「強硬路線」とは、2014年にロシアがクリミアを強制併合したように、中国が情報・影響工作によって台湾のなかの対立を極大化させて反乱や内戦を引き起こした後、非正規の部隊を中国から送り込んで親中政権を台湾に樹立させるやり方だという。松村氏は「中国はその場合、米国が介入しないよう、在日米軍が使えない状態に持ち込みたいはずです」と語る。日本の一部にある反米感情を刺激したり、日本の本土と沖縄県との間にある安全保障を巡る意見の対立を煽り立てたりすることが予想されるという。

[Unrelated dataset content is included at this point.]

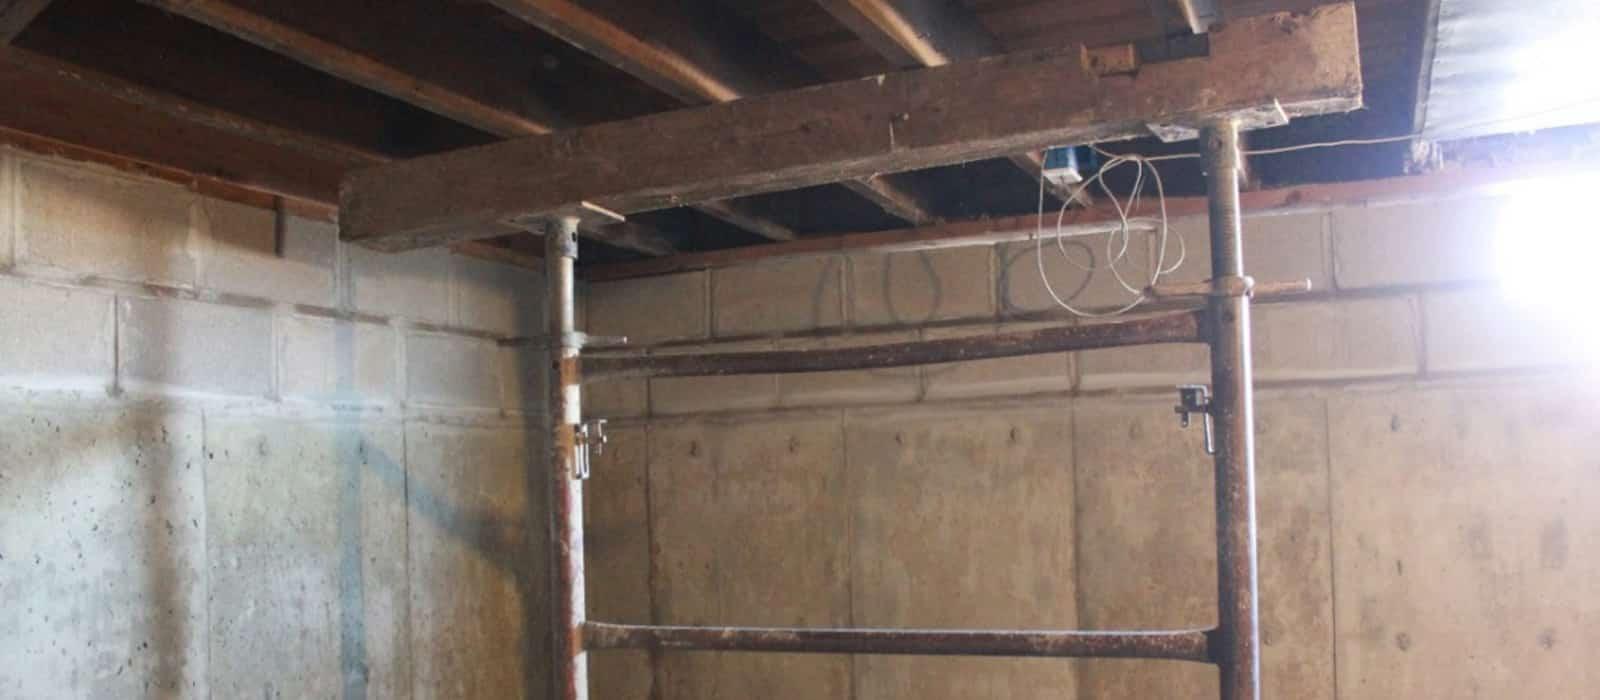 Basement Waterproofing In Belleville Il

松村氏は「中国がどのような情報・影響工作を狙っているのか、大きな構図で知る必要があります」と語ると同時に、「簡単に分断を許さない、健全な世論の形成が必要です」と語る。日本では最近、陸上自衛隊の第32普通科連隊が4月5日、X(旧ツイッター)の部隊公式アカウントで「大東亜戦争」という用語を使って投稿したことで、賛否両論が渦巻いた。それぞれ、「侵略された国々のことも考えるべきだ」「地理的に太平洋戦争だけでは足りない」などの論拠を上げたが、なぜ、対立する人々がそのような主張をするのかについて考え、歩み寄ろうとする論調はほとんどなかった。外務省の元幹部は「中国が日本世論の分断を狙うなら、大東亜戦争は格好の標的だろう」と語る。
松村氏は「権威主義国が民主主義国に対して情報・影響工作を仕掛けてくる場合には、世論の分裂などの社会の脆弱性につけこんで来ます。日本のような民主主義国がこれに対して耐性をつけるためには、むしろ健全な議論を活発化して、つけこまれる前に議論を尽くしておくことが大切なのです。今の岸田文雄政権が本当に議論を尽くそうとしているのか、むしろ論点をはぐらかしているのではないかという点が気になるところです」と語った。